Three Square Problem and Variations

September 22, 2014

I just saw an absolutely charming problem on Numberphile that I was shocked never to have seen before.
They call it the Three Square Problem (featuring Professor Zvezdelina Stankova).

 Three Square Problem

  • Prove that $latex \alpha + \beta + \gamma = 90^\circ$

It feels, as Prof. S says in the video, like a beautiful conjecture.

I highly recommend trying to come up with a proof. There are many (54!), and I’ve come up with about seven since I saw the video. More intriguing, though, is the question of whether this type of thing happens in any other cases. Let’s look at a picture that summarizes the most surprising part of this problem.

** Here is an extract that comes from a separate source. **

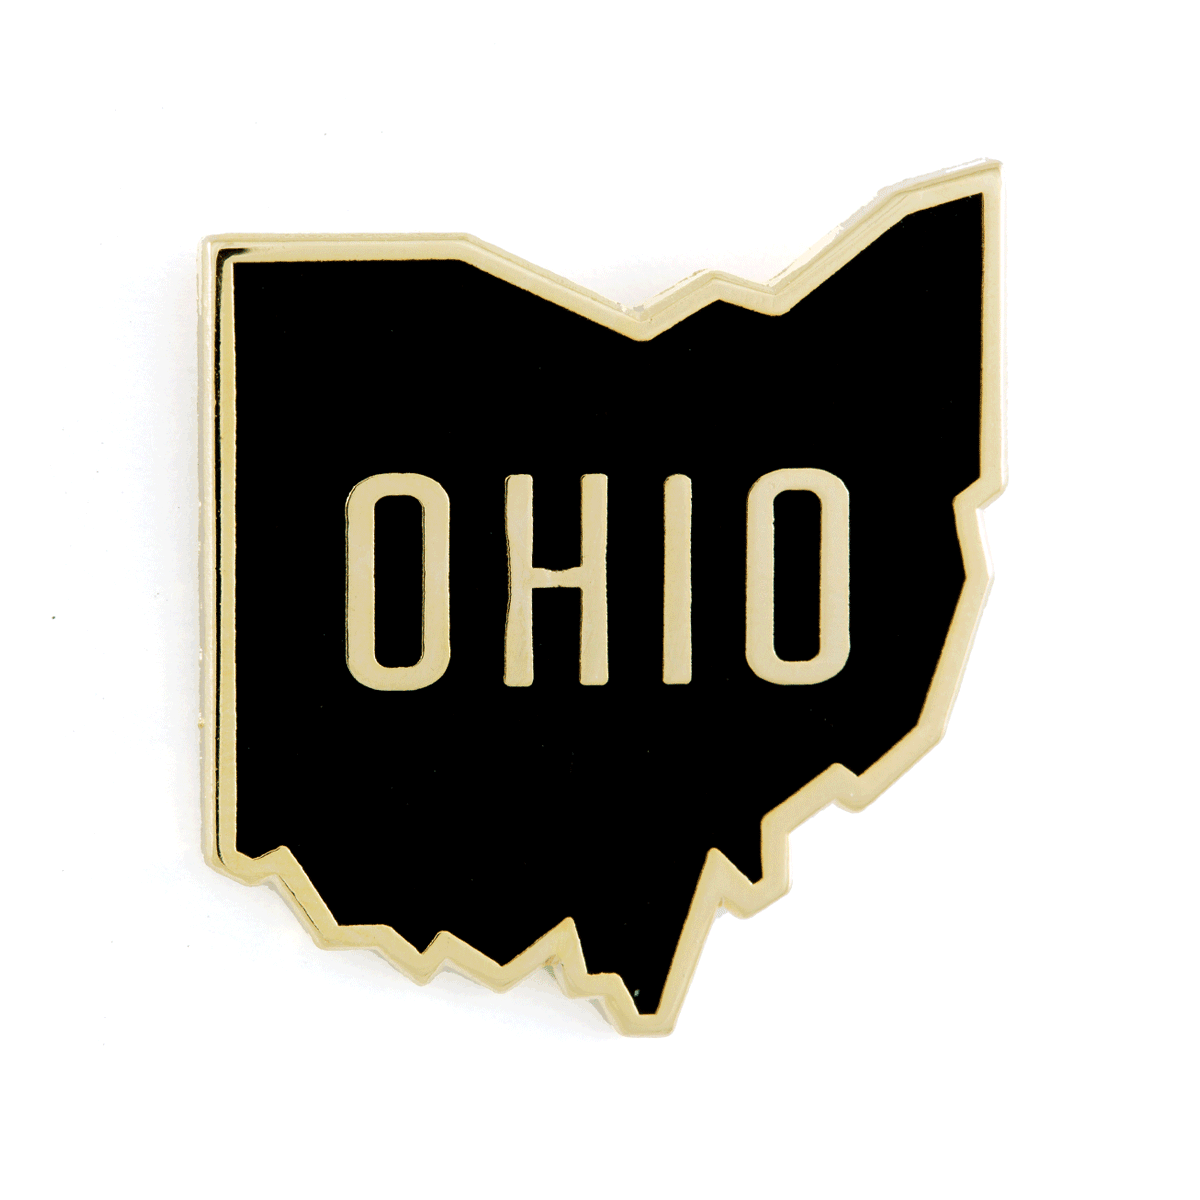 Ohio Pin

It is not particularly surprising that $latex \alpha = 45^\circ$. The shock is that $latex \gamma + latex = 45^\circ$ as well. Are there other right triangles we can draw on a grid that have this property? The answer, it turns out, is yes.

  • Prove that $latex \gamma + \beta = 45^\circ$.

Let’s go into even greater generality. Suppose we have two rectangles with integer side lengths. (Everything that comes later will refer to the picture below.)

  • Big Question 1: For what collections A, B, C, and D will the $latex x + y = 45^\circ$?
  • Big Question 2: Given any A and B, does there always exist a C and D so that $latex x + y = 45^\circ$?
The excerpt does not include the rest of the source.